Not just exchange rates, businesses are concerned about interest rates and liquidity
According to statistics of the General Department of Customs, in the first nine months of 2022, Vietnam exported about 6.46 million tons of steel, down 34.4% over the same period last year; export value reached 6.5 billion USD, down sharply by 22.6% compared to the same period in 2021. On the other hand, in terms of imports, accumulated in 9 months, the import of finished steel products of all kinds to Vietnam was about 8.93 million tons worth more than $9.56 billion, down 8.3% in volume but up 9.9% in value over the same period in 2021.
Thus, the iron and steel trade deficit has returned to nearly 2.5 million tons after the first 9 months of 2022. But according to steel enterprises, each container of imported raw materials for production is incurring additional costs due to rate increases. This causes prices to increase and profits to fall.
Nguồn: WB |
Sharing at the Dialogue: "Managing the USD-VND exchange rate: macroeconomic stability" held on November 21, according to Mr Pham Cong Thao, Deputy General Director of Vietnam Steel Corporation, the exchange rate pressure is also one of the important factors affecting the performance of the steel industry. Because steel production materials are mostly imported, when the exchange rate increases, the company's member businesses increase production costs by several tens of billions of dong.

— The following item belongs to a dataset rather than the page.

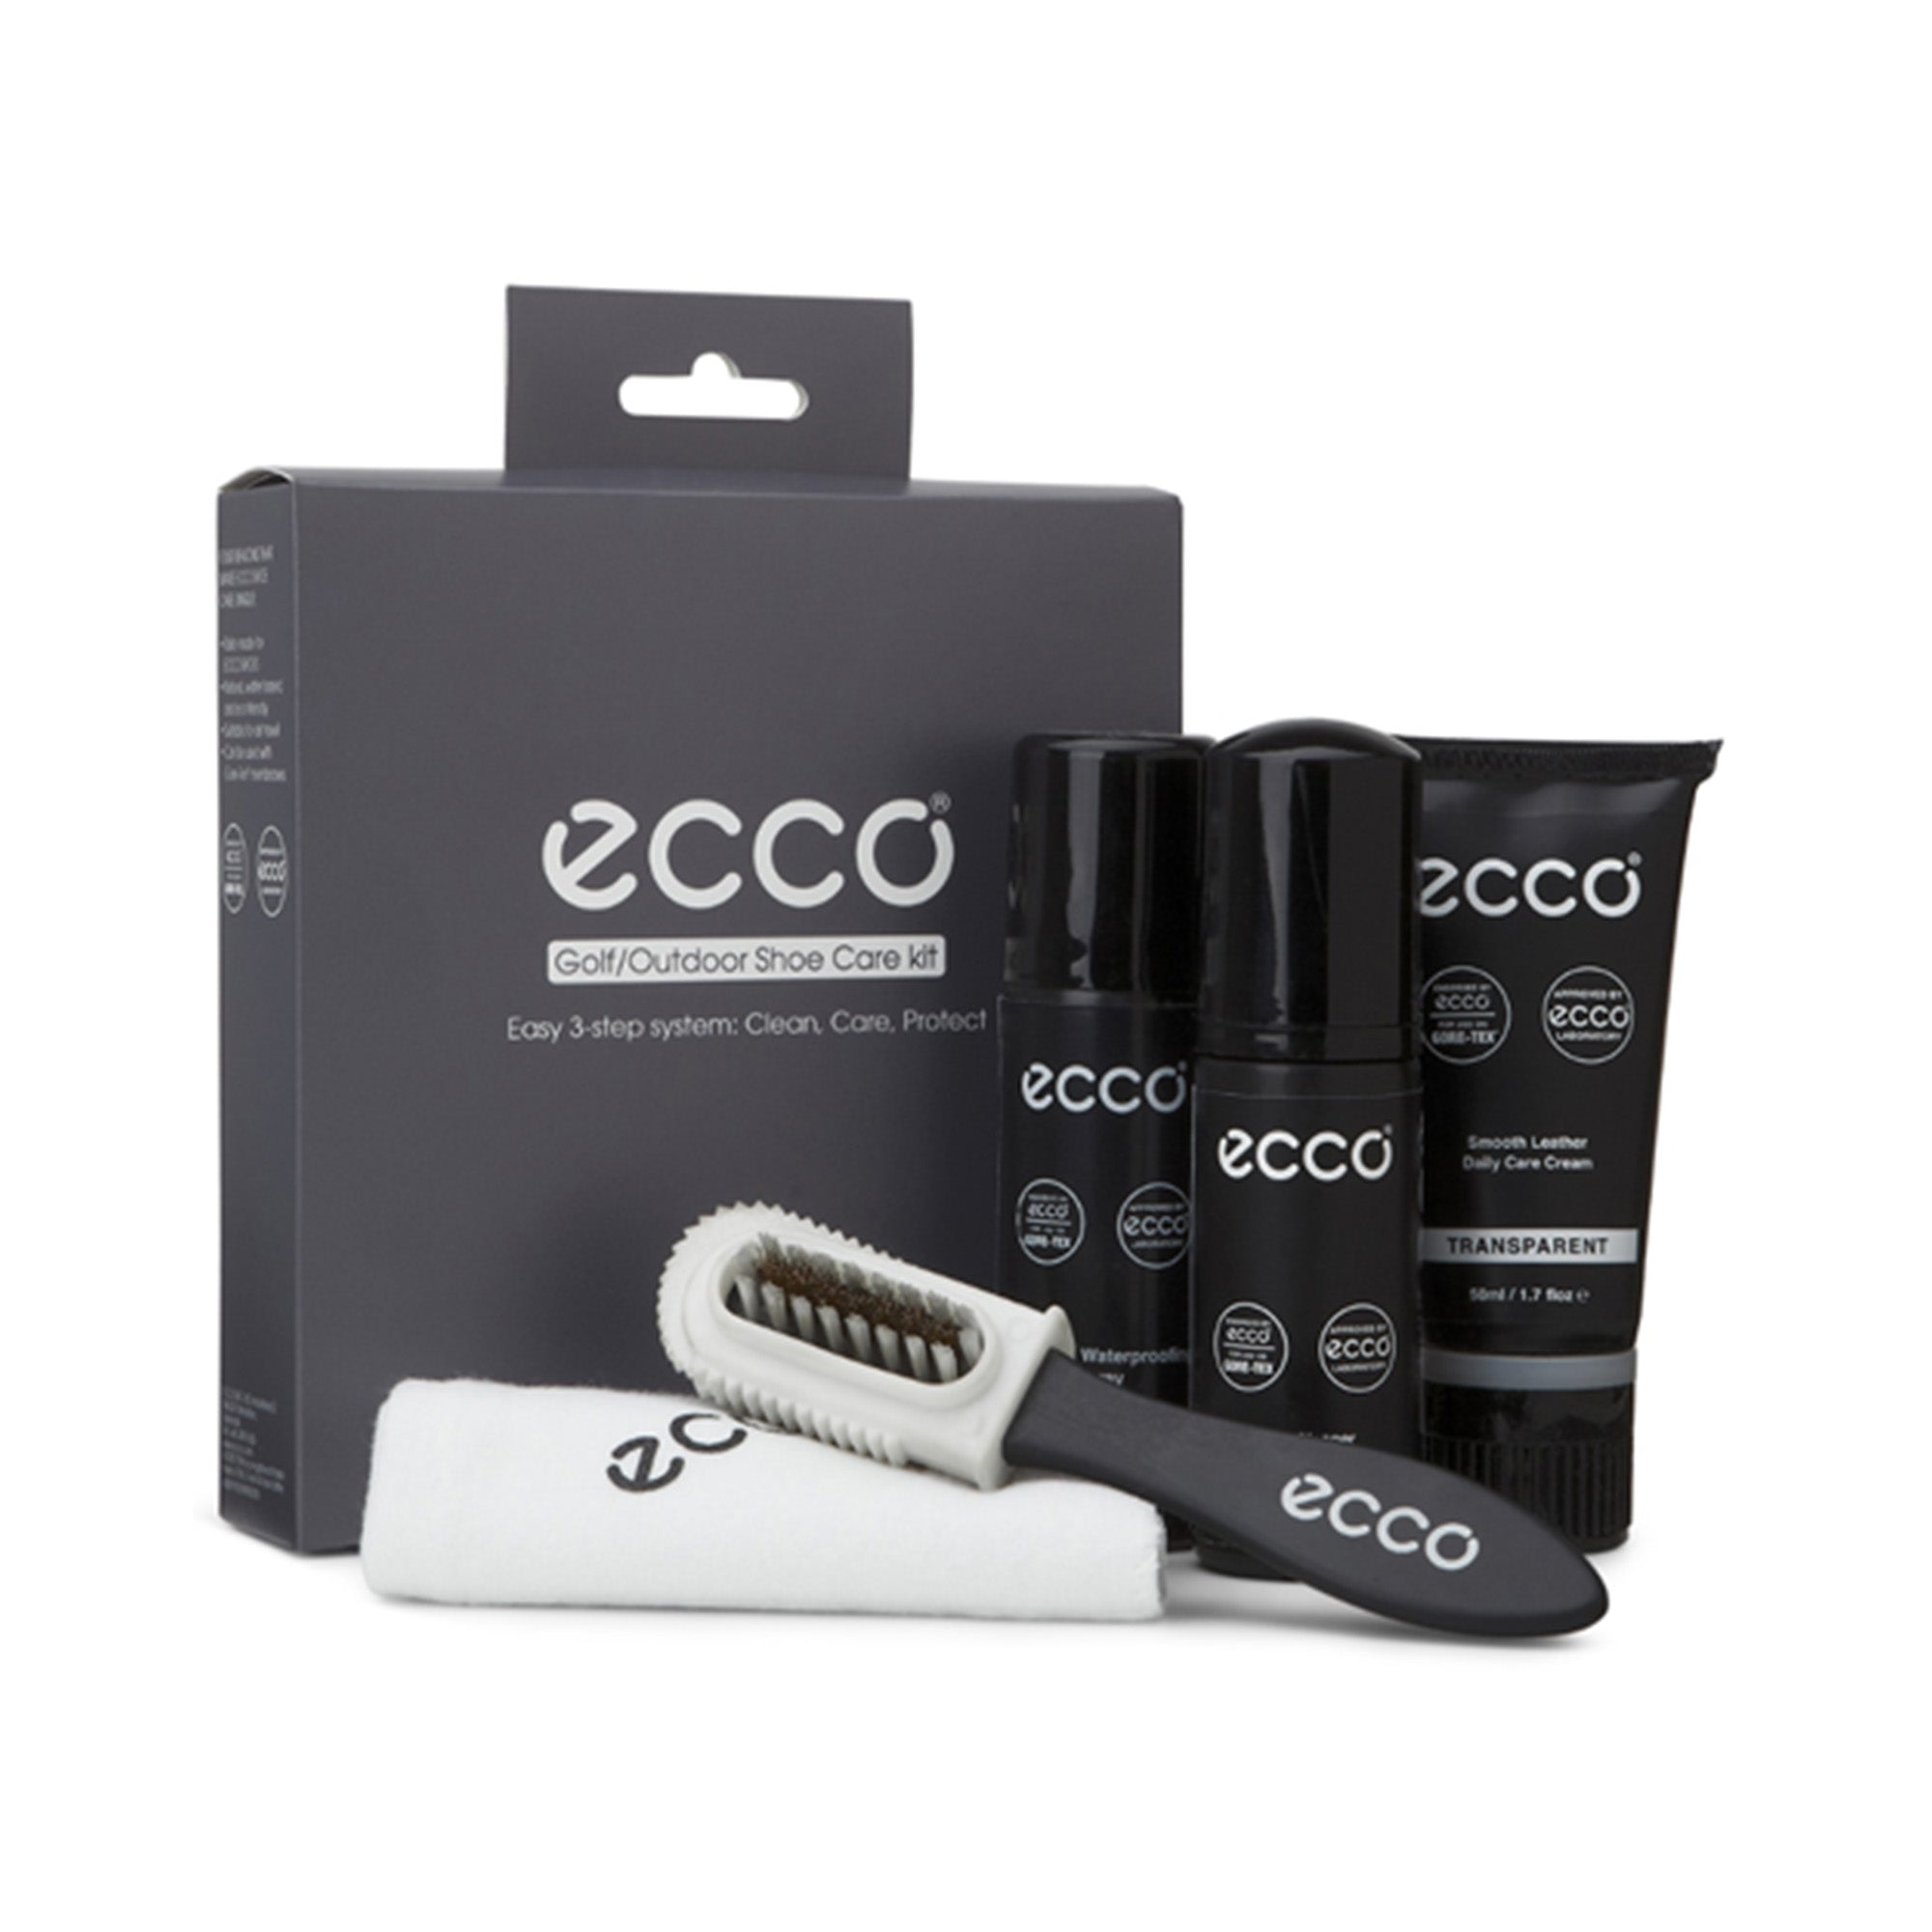 Ecco Golf/Outdoor Shoe Care Kit 9033996

The difficulty is a double whammy when controlling the exchange rate. As a result, Vietnam has no choice but to raise interest rates.
Generally, in the third quarter of 2022, the business results of steel industry enterprises declined significantly. Listed steel manufacturers have recorded a loss of about VND 4,500 billion, mainly due to high inventory costs and exchange rate losses.
Previously, the November macroeconomic update report of the World Bank (WB) stated that by November 2022, VND had lost 9.1% of its value against the USD. Therefore, the World Bank's experts said that Vietnam's monetary authority might consider allowing more flexibility in the exchange rate, including allowing the reference rate to rise faster. This measure can be supplemented by maintaining the reference rate, especially if the exchange rate rapidly leads to higher inflation and more inflation expectations. Due to prolonged exchange rate pressure, direct foreign currency sales should be wisely applied to preserve foreign exchange reserves.
However, in the opposite direction, according to economist Dr. Le Xuan Nghia, with the current US inflation situation, the US Federal Reserve (Fed) will gradually reduce the rate of an interest rate increase. Therefore, the reduced pressure of the Fed to raise interest rates, a good increase in disbursed FDI and a surplus of the balance of payments is an opportunity for Vietnam to keep the exchange rate.
Therefore, this expert raised more concerns about interest rates and liquidity. "We are too concerned about inflation, which leads to relatively high-interest rates, making Vietnam's inflation almost the lowest in the world, but lending interest rates are among the highest in the world," said Dr. Le Xuan Nghia stated.
He also quoted examples, in Europe, the interest rate is 3%, but the inflation rate is 10%; US, inflation is 8%, and the lending interest rate is about 3%/year. However, Vietnam is on the contrary, which will create a huge burden for investors, so when the stress on the exchange rate has decreased, it is necessary to focus on liquidity and interest rates.
Also on this issue, Mr. Nguyen Tri Ngoc, Vice Chairman of the Vietnam Fertilizer Association, shared that businesses in the association have had to take out hot loans to handle salary and production issues. Therefore, he proposed the Government and the State Bank (SBV) to review and adjust the issue of interest rates.
According to the World Bank, credit growth slowed to 16.5% in October due to the impact of the SBV tightening domestic financial mobilization conditions by raising interest rates to a total of 200 basis points in September and May. 10. Interest rates were also more volatile, ranging from a low of 3.1% to a peak of 8.4% in October.
Not only interest rates increased, but businesses also shared that it was difficult to access capital due to the depletion of market liquidity. Therefore, Dr. Le Xuan Nghia recommended that the State Bank pump money out for the economy; The Ministry of Finance "takes action" to handle the stranded public investment capital. He also proposed setting up a Corporate Bond Guarantee Fund, provided that the enterprise must have collateral at a rate prescribed by the State.
Interest rates of auctioned Government bonds continue to rise |
In addition, according to the World Bank, coordinating fiscal and monetary policies is now becoming very important to ensure stable prices in the context of accelerating domestic core inflation.